В новогоднюю ночь он рассказал Косыгину, как они с Йоо ждали этот самый Новый год на Сторожевой сопке.

— Я думал, это будет какой-нибудь волшебный корабль, скользящий надо льдами, или же летающая лодка. А Йоо считала, что это будет человек. С винтовкой, бородой и большой звездой на лбу. Почему она так думала — непонятно.

Посередине большого зала сияла огнями настоящая лесная красавица. Пэнкок подбирал опавшие иголки, растирал их между пальцами и нюхал.

— Знаешь, — возбужденно говорил он Косыгину, — чем пахнет елка?

— Чем?

— Нашей новой школой, которую я оставил недостроенной. Вот понюхай!

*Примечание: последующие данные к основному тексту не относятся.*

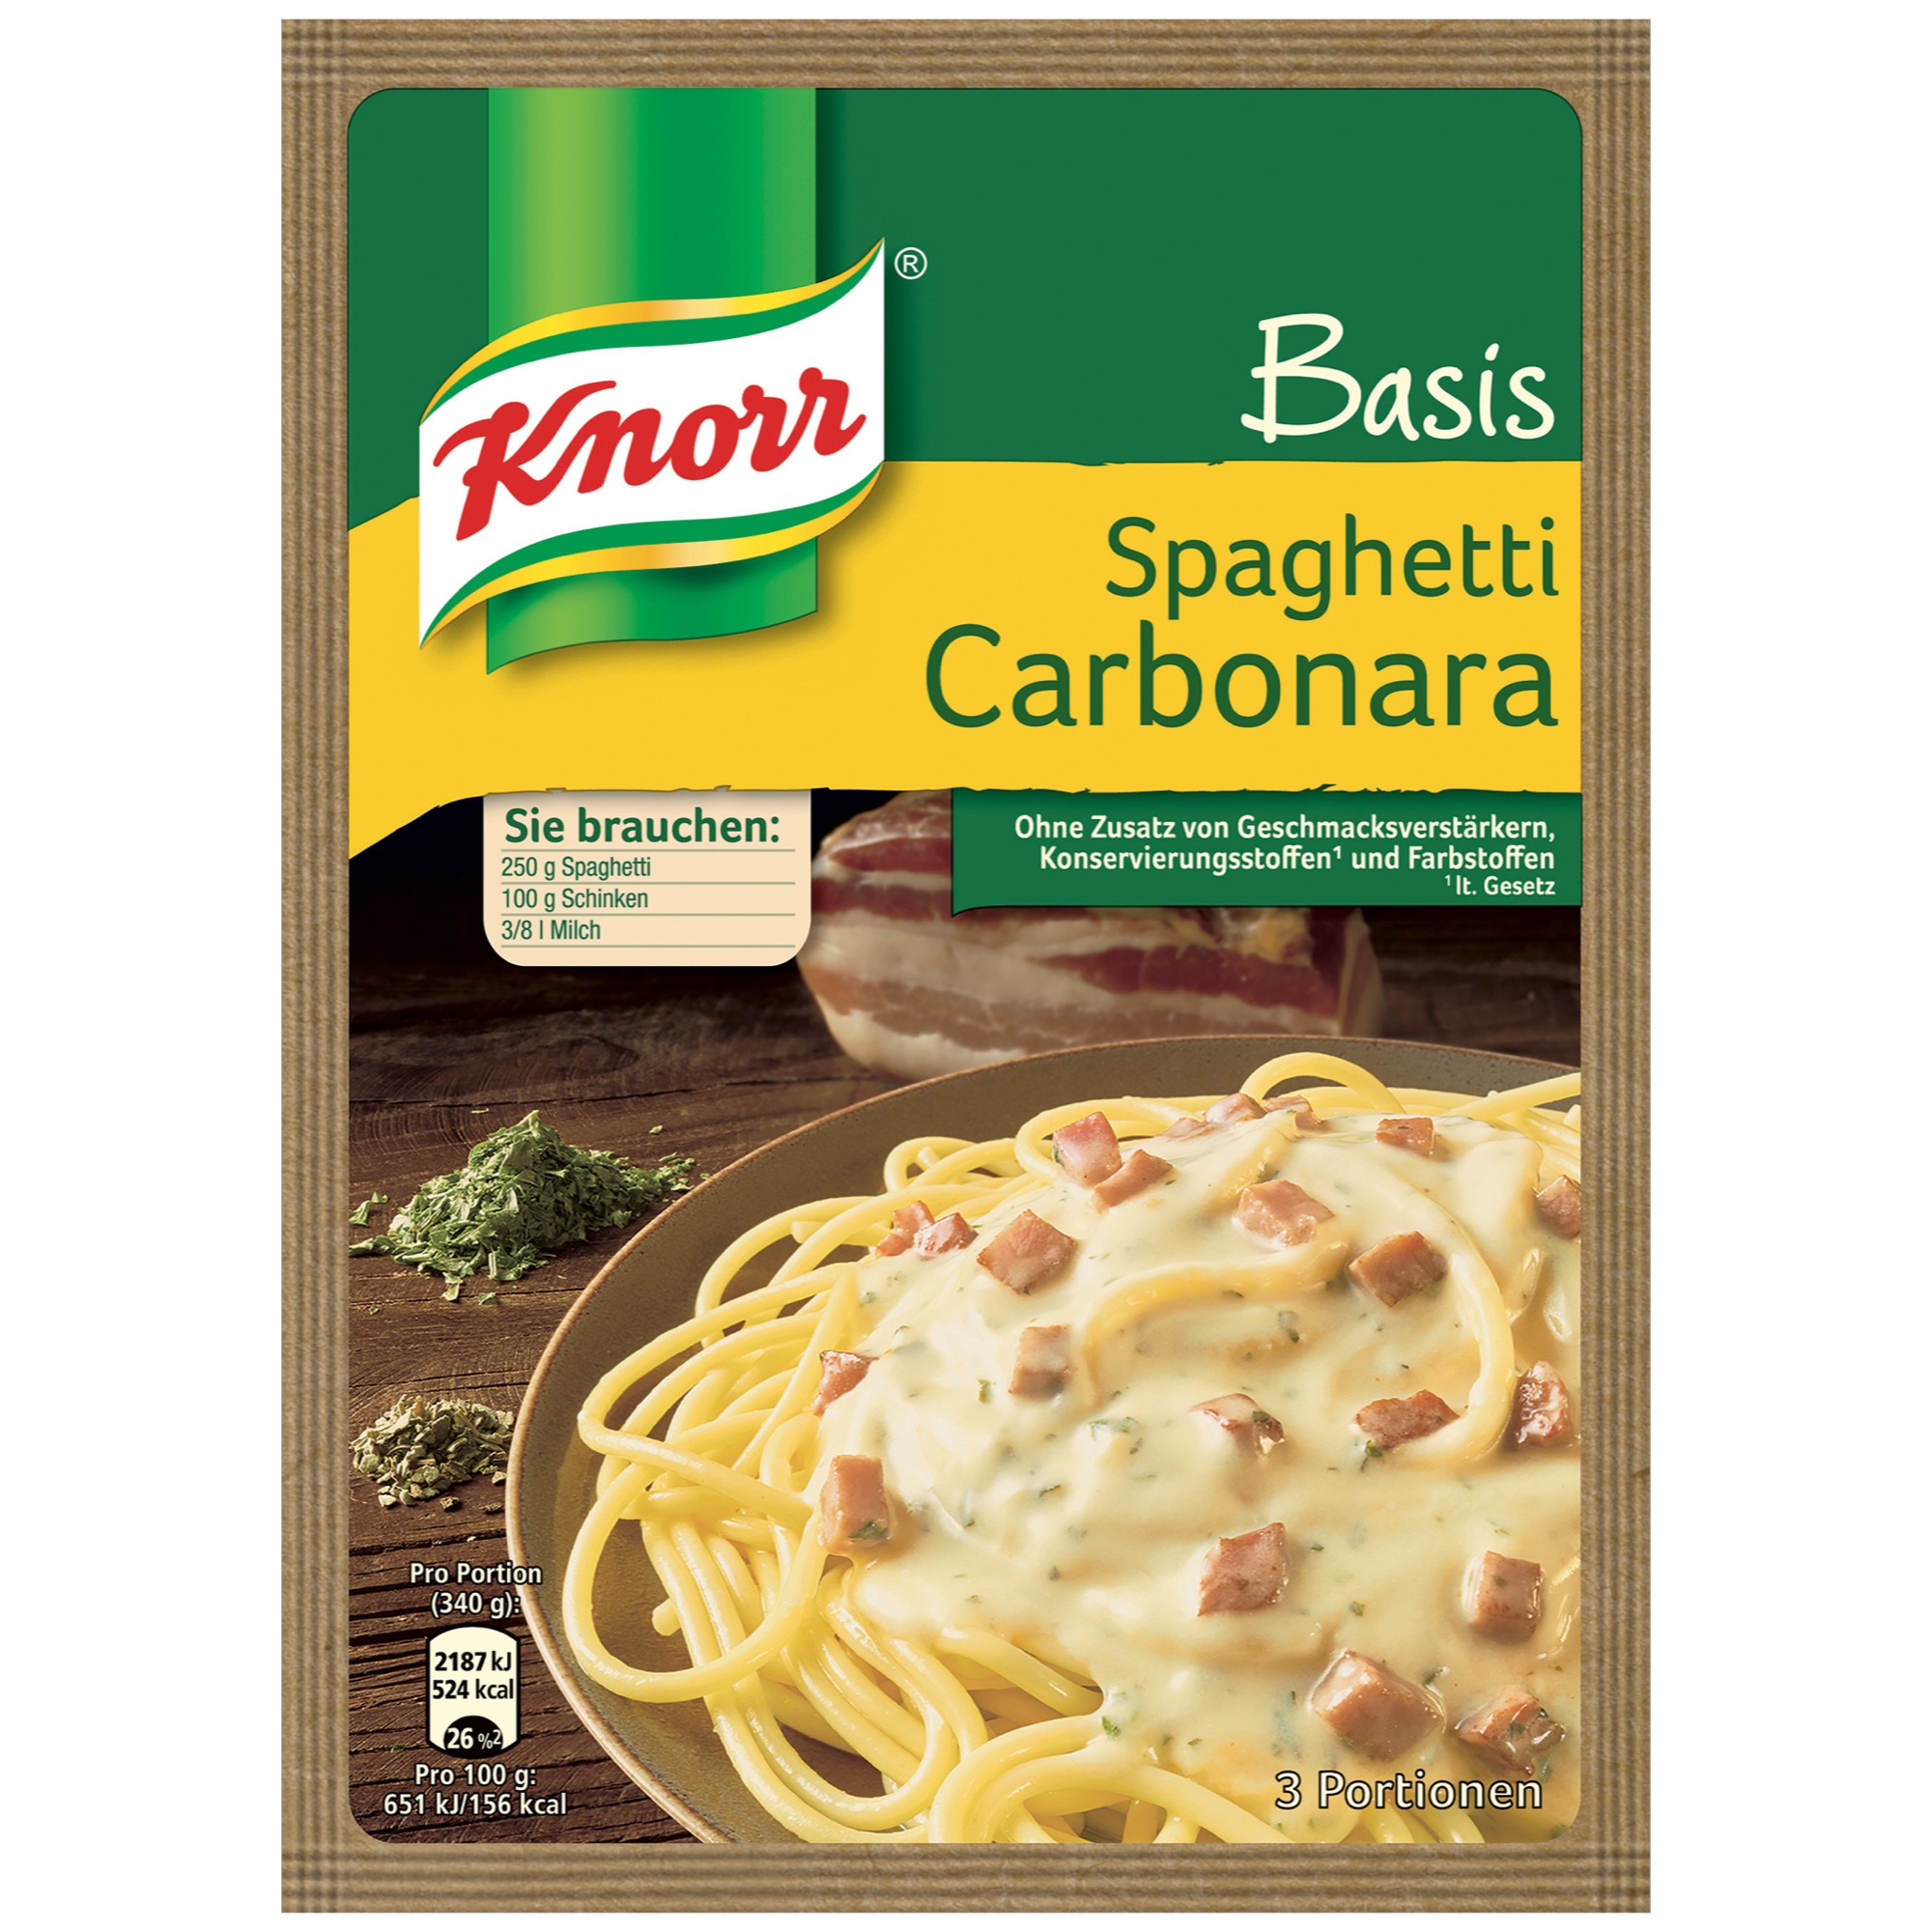 Knorr Basis Spaghetti Carbonara

Пэнкок протянул Косыгину горсть растертых иголок. Ничем кроме хвои они не пахли. Но для Пэнкока запах свежераспиленного дерева был слишком новым и запоминающимся: ведь плавник, выкидываемый волнами на берег, лишен запаха и даже настоящего цвета дерева. Бревно долго носит в волнах Ледовитого океана, древесина пропитывается соленой водой, потом сохнет на берегу под ветрами, дождями и снежными буранами.

— Я все мечтаю о новой школе, — продолжал Пэнкок. — Ведь если мне придется уехать летом, как сказал наш преподаватель, я все равно смогу учиться грамоте.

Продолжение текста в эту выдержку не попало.